DISCLOSURE OF THE INVENTION
[0012] The invention is accomplished in view of the problems of the
above prior art, and is to provide a preventive and/or a remedy for
hyperphosphatemia having a high selectivity toward a phosphate ion
adsorption action, further having a lowering action of blood
phosphorus concentration and a lowering action of urinary
phosphorus excretion.
[0013] The inventors made extensive researches to solve the above
problems and found out that a weakly basic anion exchange resin ,
which was only used as main uses for removal of hydrochloric acid
in an aqueous system and a non-aqueous system, surprisingly has a
phosphoric acid adsorption action, a lowering action of blood
phosphoric acid concentration and a lowering action of urinary
phosphorus excretion, and accomplished the invention.
[0014] Namely, the invention relates to a phosphate ion adsorbent
comprising as an active ingredient a weakly basic anion exchange
resin.
[0015] Also, the invention relates to the above phosphate ion
adsorbent, characterized in that the weakly basic anion exchange
resin is a copolymer containing as monomer components an acrylic
acid type compound having a tertiary amino group and
divinylbenzene.
[0016] Further, the invention relates to the above phosphate ion
adsorbent, characterized in that the copolymer further contains as
monomer components one or more components selected from the group
consisting of acrylonitrile, vinylimidazole, vinylhistidine,
vinylpyrazine and diaminodiphenylmethane.
[0017] The invention also relates to the above phosphate ion
adsorbent, characterized in that the weakly basic anion exchange
resin has porous bead structure.
[0018] Also, the invention relates to the above phosphate ion
adsorbent, characterized in that the weakly basic anion exchange
resin is Ionac A-365 (trade name; Sybron Chemicals Co.).
[0019] Further, the invention also relates to a preventive and/or a
remedy for hyperphosphatemia, characterized in that it contains the
above phosphate ion adsorbent.
[0020] A phosphate ion adsorbent and a preventive and/or a remedy
for hyperphosphatemia according to the invention not only can
overcome bad effects shown in usual weakly basic anion exchange
resins and the aluminum, calcium and magnesium preparations that
have been used as a preventive and/or a remedy for
hyperphosphatemia, but also have an extremely high selectivity
toward a phosphorus adsorption action compared with oral phosphorus
adsorbents reported so far in which anion exchange resins are
used.
[0021] As described above, considering that in general, a weakly
basic anion exchange resin is a resin that has been used up to now
at the industrial level for the purpose of decoloring,
demineralization or hazardous substance removal for solvent, a
supplied water or a waste water, the effect attained by the
invention is totally surprising.
[0022] Weakly basic anion exchange resins used in the invention
typically have as its main backbone copolymers of an acrylic acid
type compound, which have a tertiary amino group, for example, such
as acrylamide or acrylate, and divinylbenzene, and further may
contain as other monomer components acrylonitrile, vinylimidazole,
vinylhistidine, vinylpyrazine, diaminodiphenylmethane or the like
further in a range that it is pharmaceutically acceptable and does
not reduce the effect.

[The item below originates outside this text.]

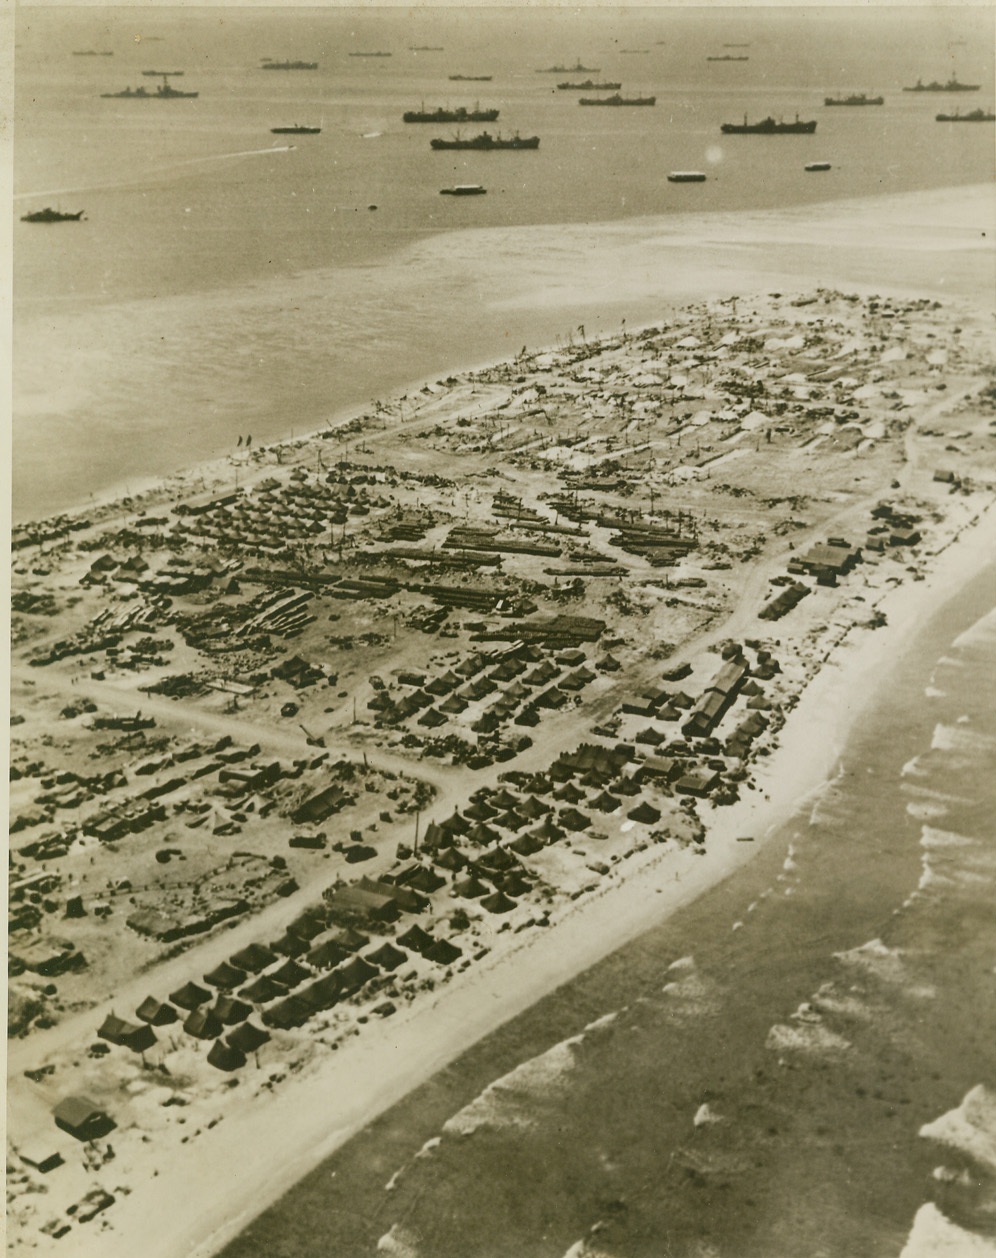 YANKS REBUILD KWAJALEIN, 5/2/1944. KWAJALEIN – This aerial view of newly-conquered Kwajalein Island in the heart of the Marshalls Group shows how the U.S. Navy Task Force is at work rebuilding the shell-shattered base. Rows of tents house Seabees, whose skillful efforts have already partly removed the pock-marks of war on the Atoll. Part of the Navy Task Force can be seen anchored offshore. Credit: U.S. Navy photo via OWI Radiophoto from ACME;

Preferably they are weakly basic
polyacrylate type resins having porous bead structure.
[0023] Although preparation of a weakly basic anion exchange resin
used in the invention can be carried out by a conventional method
known by publications, etc., specifically it can be carried out by
copolymerization of a monovinyl monomer such as acrylic acid or its
alkyl ester and divinylbenzene and reaction of this copolymer with
polyalkylene polyamine. Additionally, this copolymer can be
copolymerized with other monomers such as acrylonitrile,
vinylimidazole, vinylhistidine, vinylpyrazine or
diaminodiphenylmethane in a range that it is pharmaceutically
acceptable and does not lose the effect.
[0024] Illustrative of such a weakly basic anion exchange resin is,
for example, Ionac A-365 (trade name; Sybron Chemicals Co.) which
is being marketed with the main use for removal of, hydrochloric
acid in an aqueous system and a non-aqueous system.
[0025] The phosphoric acid adsorbent and the preventive and/or the
remedy for hyperphosphatemia according to the invention lower blood
phosphorus concentration and urinary phosphorus excretion.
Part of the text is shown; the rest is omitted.